**STORED DATA**
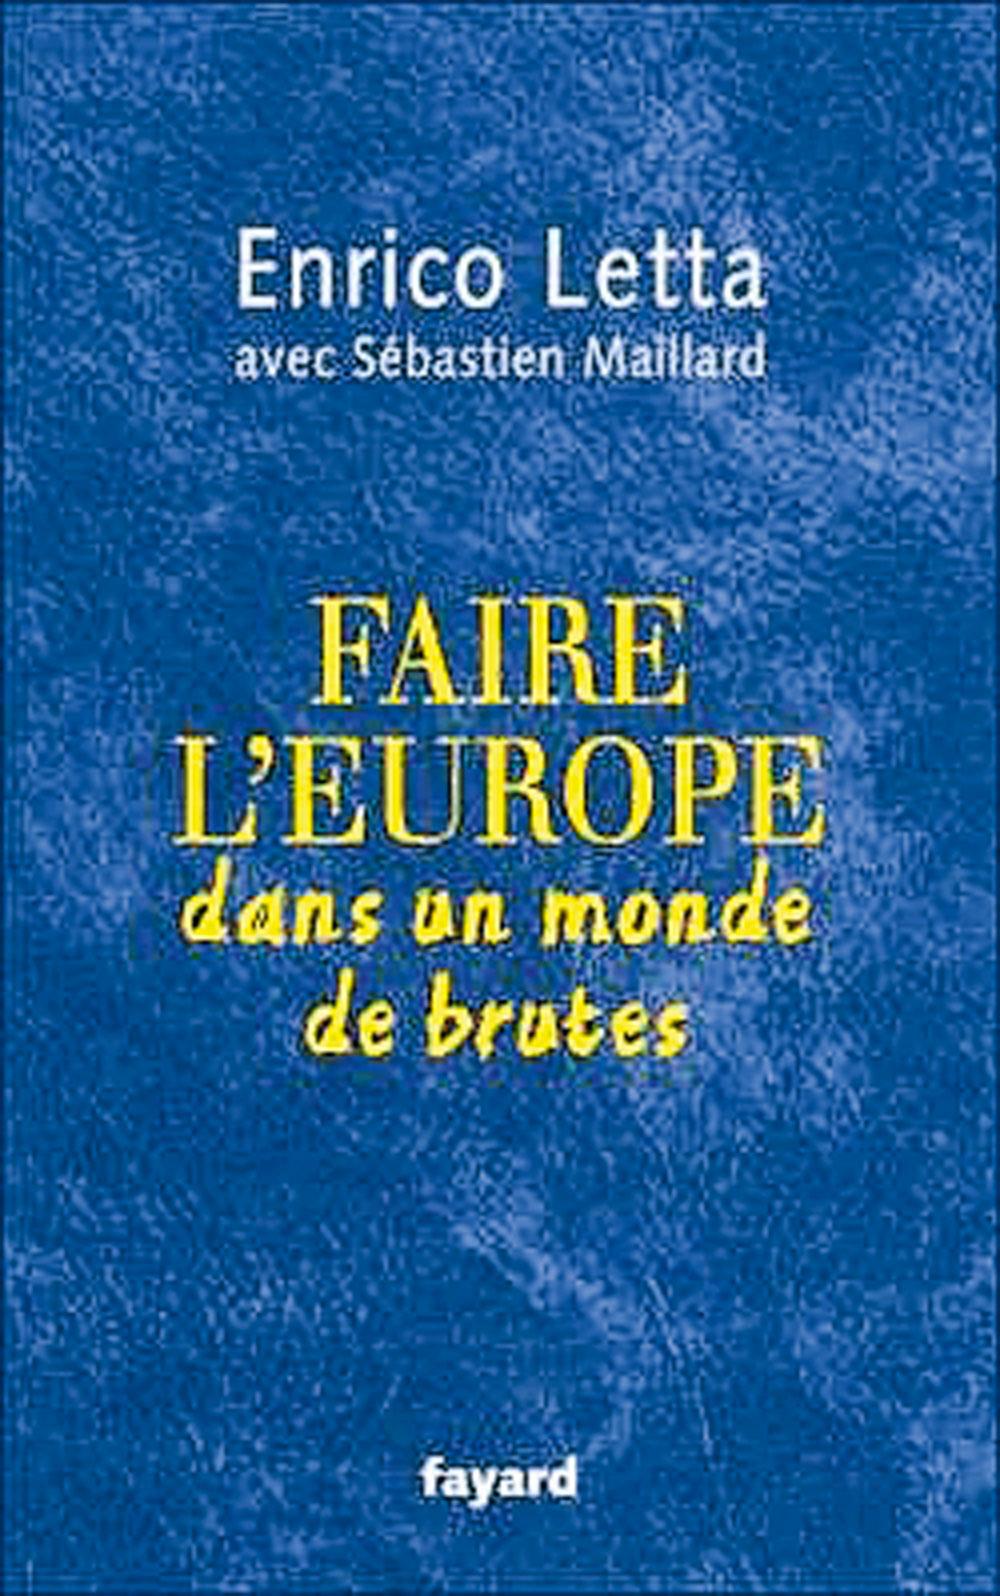 (1) Faire l'Europe dans un monde de brutes, par Enrico Letta avec Sébastien Maillard, Fayard, 208 p.
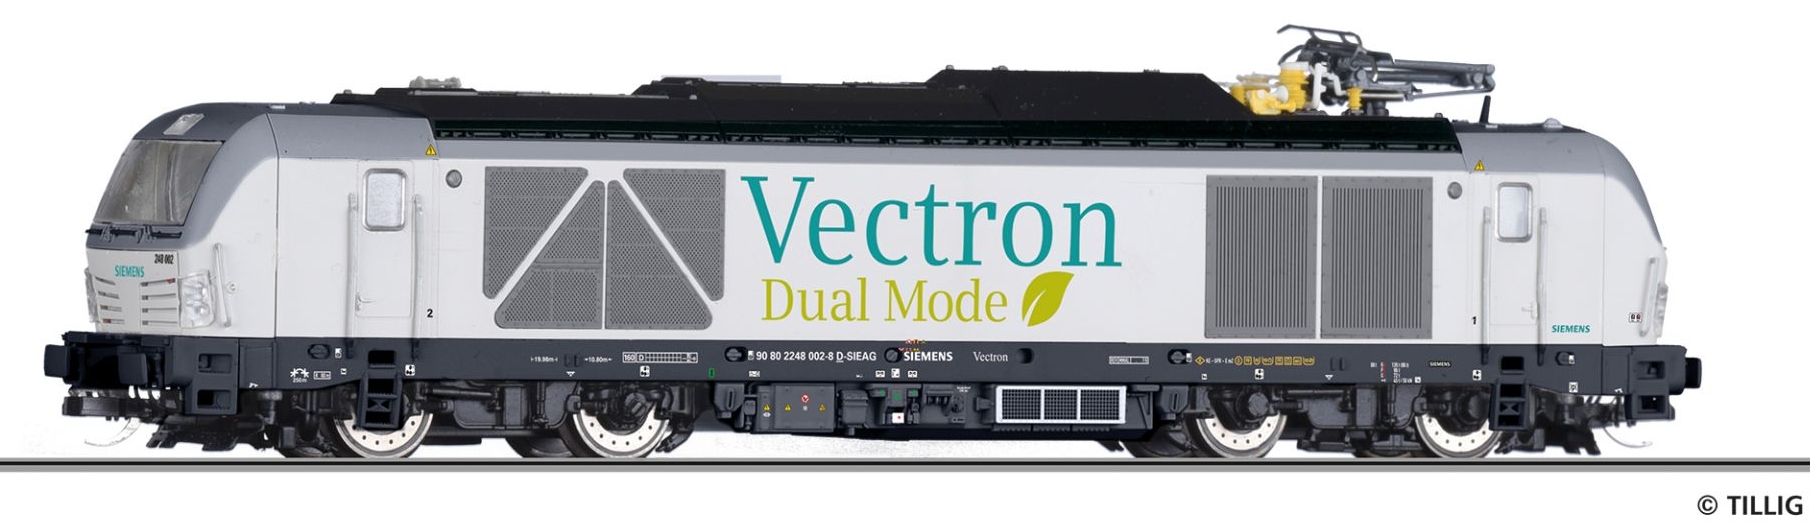 DualMode Vectron
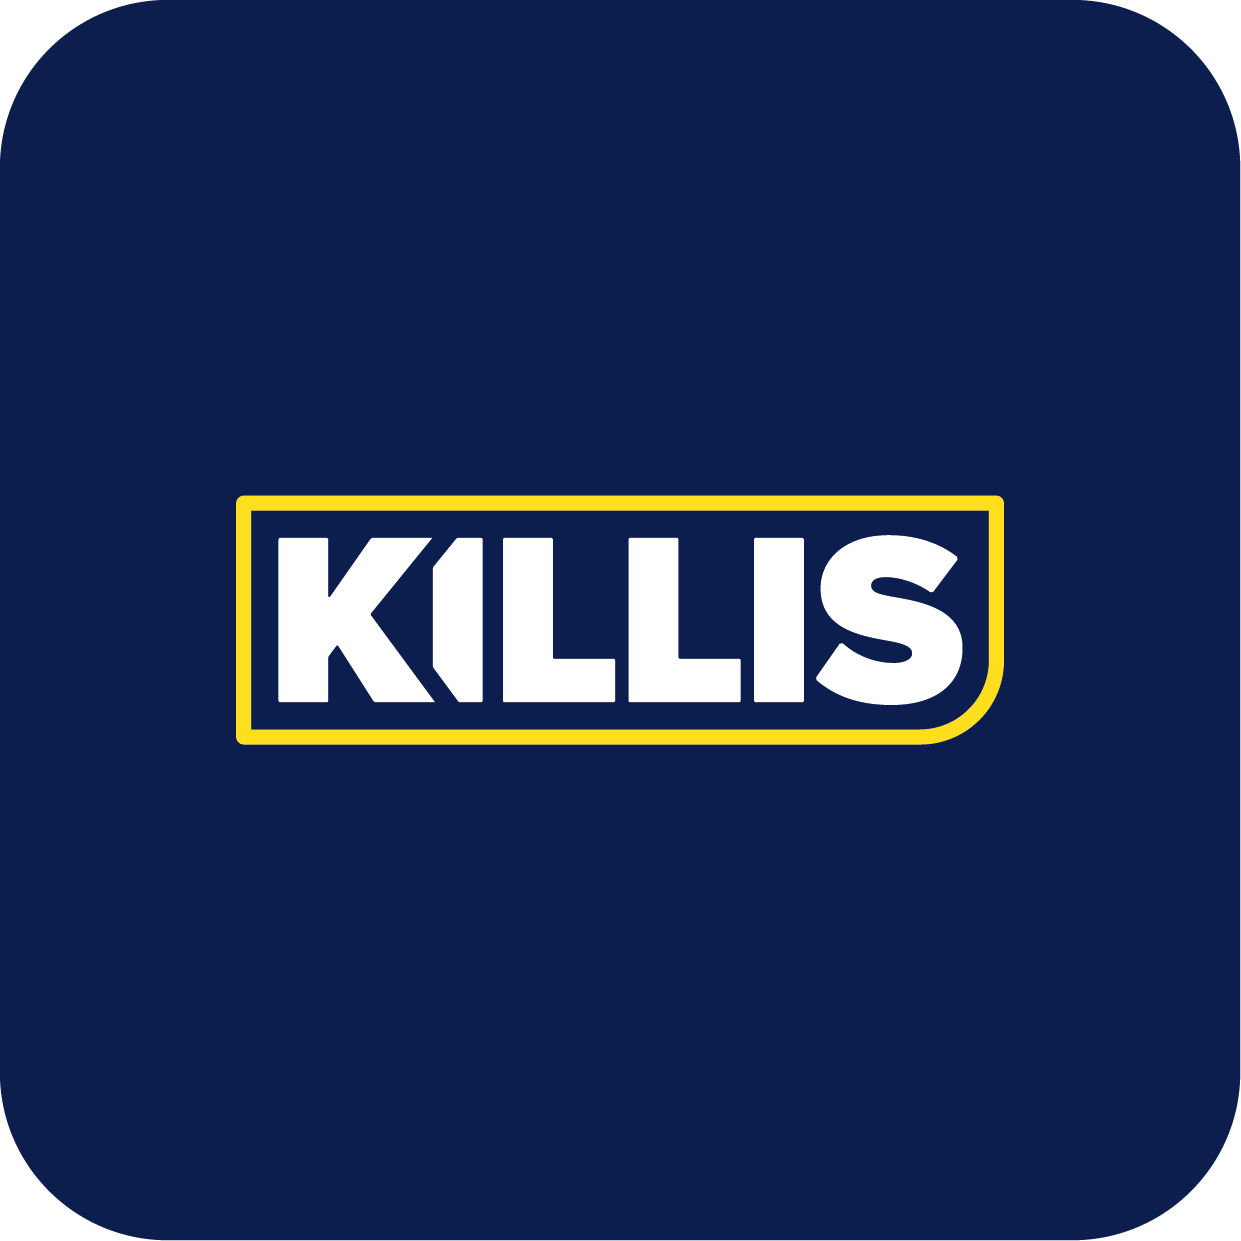 T L KILLIS

**WHAT YOU WILL DO**
The result should be every line of the data, reproduced exactly, with the images removed.

**WRITTEN REPLY**
 (1) Faire l'Europe dans un monde de brutes, par Enrico Letta avec Sébastien Maillard, Fayard, 208 p.
 DualMode Vectron
 T L KILLIS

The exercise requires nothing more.